When the quotes from Spin about Manson calling Evan 158 times, scarring himself each time she didn't answer, and fantasizing about smashing her skull in with a sledgehammer, are put in context, you realize this is part of the story line, because Manson in context is explaining what the songs "Into the Fire" and "I Want to Kill You Like They Do in The Movies" mean. If this were to translate into literature, it would be like an author explaining two chapters of his book, or a director of film describing two scenes of his movie. What confuses people with this story line from The High End of Low era, however, is that the characters are real life characters from Manson's life at the time, and he is using imagery of desperation and rage and self-abuse as language which most people can relate to, because ultimately that is what Manson wants - he wrote these songs and this story line in order for people to relate to it, just as he relates to these extreme emotions when he hit a low point in his life. When you feel betrayed by the person you loved, and I'm speaking generally, you tend to feel a certain resentment and hatred, even for a brief moment, and this is what Manson is exploring, just as he explored the resentment and hatred he felt growing up with difficult parents and fundamentalist religion in Antichrist Superstar, and many people related to that as well. From a personal perspective, I was going through a difficult divorce when both Eat Me, Drink Me and The High End of Low came out, and to me they were a comforting source to go to when I felt I needed to explore those feelings and deal with them internally.

We have also been assured by Manson's representatives in a statement from 2019, that Manson calling Evan 158 times and scarring himself each time she didn't answer on his face and hands was said merely for promotional purposes for his new album.
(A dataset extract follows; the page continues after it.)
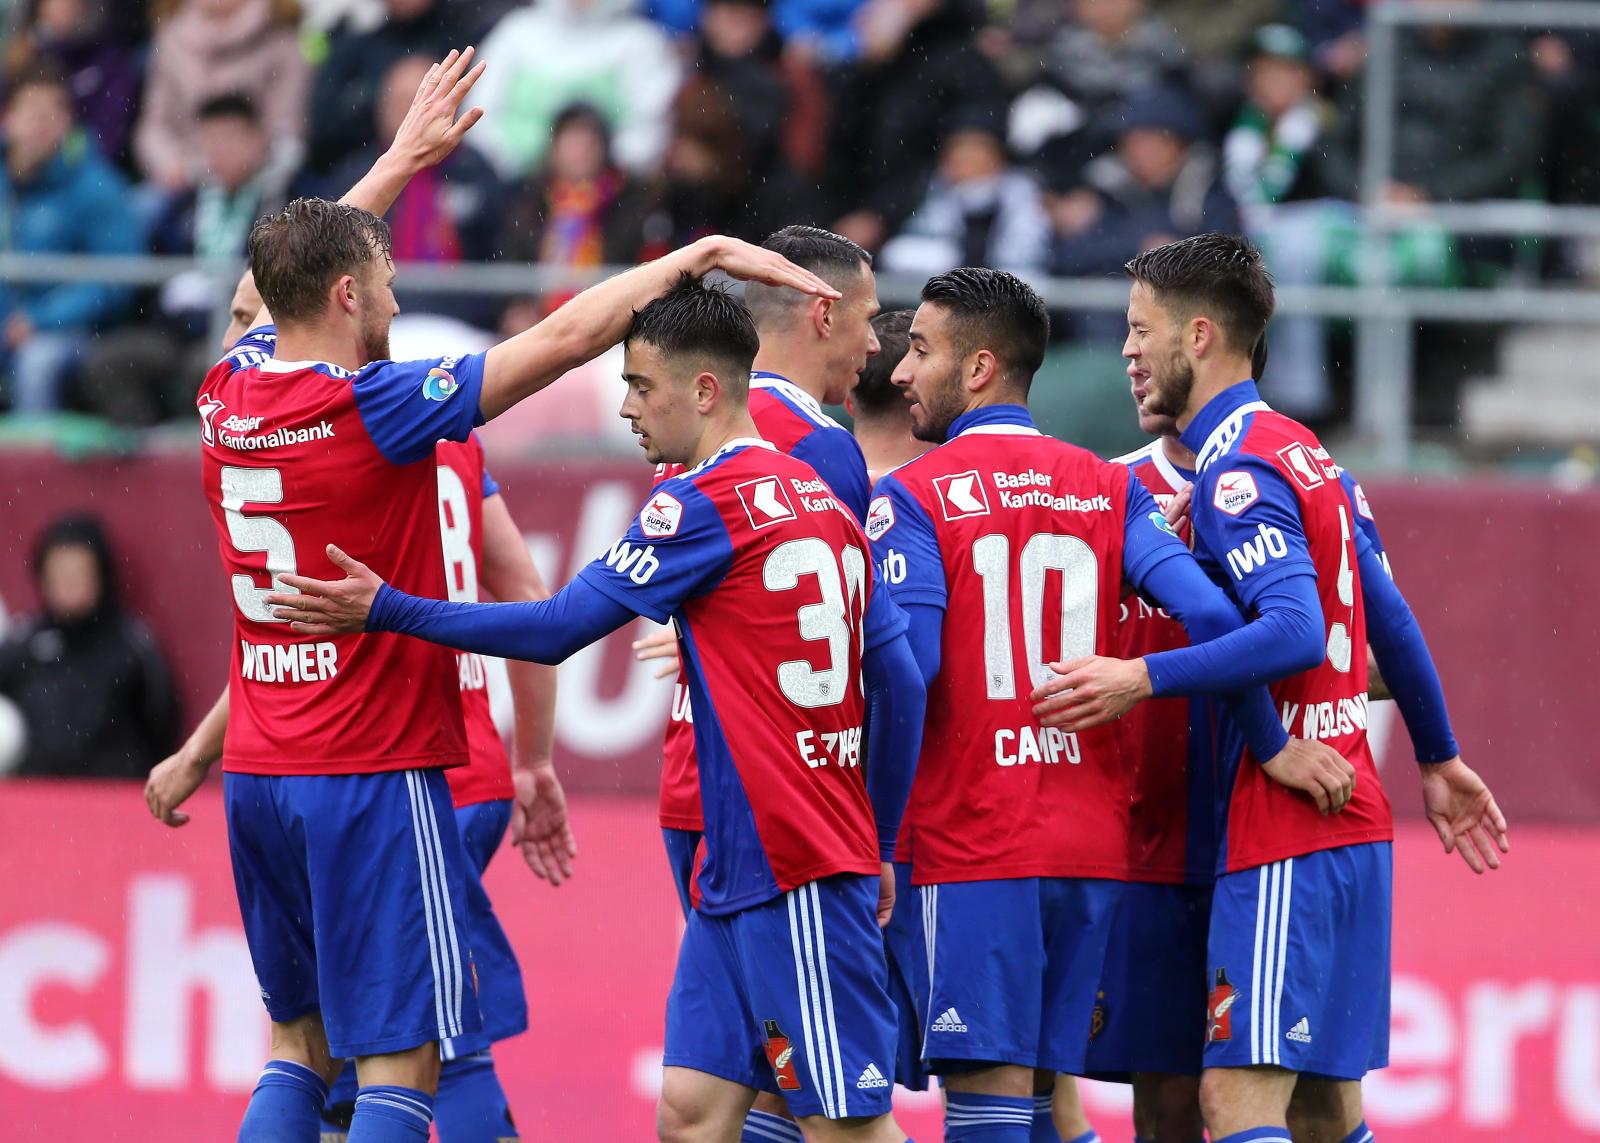 soi-keo-ca-cuoc-bong-da-ngay-7-11-Basel-vs-club-brugge-lay-ve-di-tiep-b9 2

The fact that Manson at the time had no visible scarring on his face or hands also proves it is not meant to be taken as literally true. I have written elsewhere that the number 158 could have biblical allusions too, as well as the fact that he mentions his hands and face and that it was done because he felt like she had broken a promise to him. As for smashing her skull with a sledgehammer, in context it is said as if he was joking, and I personally believe he chose that wording the way it is comically used in the movie Punch-Drunk Love by Adam Sandler's character.
 
As for the gif image of Manson's tweet, in context it comes from the Christmas feature in the December 2017 issue of Kerrang, with photos taken by Manson photographer Perou while they were in Berlin. The splitting maul was a prop in the shoot because in it Manson is depicted as a rebellious reindeer who slaughters Santa Claus with it. Manson is in a cast for this shoot because of a stage accident that took place in October that year. More images from this shoot can be seen below.

Concluding Remarks
 
It appears that Patricia Arquette was trying to jump on the bandwagon against Marilyn Manson even before Evan Rachel Wood named him as her abuser, or anyone else for that matter. By referring to a quote of Manson from nine years earlier and using it out of context, she did nothing but stir trouble for both Manson and Evan, because if Evan's allegations were true and they did refer to Manson and she truly did fear retaliation from him, then the normal reaction for Evan against Patricia Arquette would have been anger and frustration towards her. Instead, as we see in Evan's documentary Phoenix Rising, Evan fully embraces Patricia's interpretation of the quote and builds off of it to create an elaborate tale around it in which she depicts herself as so good-natured that she goes out to Manson and heals his 158 wounds, and in return he tortures her endlessly for months because he is a monster and that's what monsters do. Instead of jumping on the bandwagon, it appears Patricia jumped the gun, because she failed to do the research and investigating necessary to condemn an abuser properly and instead she targeted an innocent man. If we are to learn a lesson in all this, it would be that before we jump on the bandwagon, we should make sure to not jump the gun and falsely accuse someone unless there is actual substantial evidence against them, and by no means should someone name another person's abuser before the victim chooses to do so and without their permission.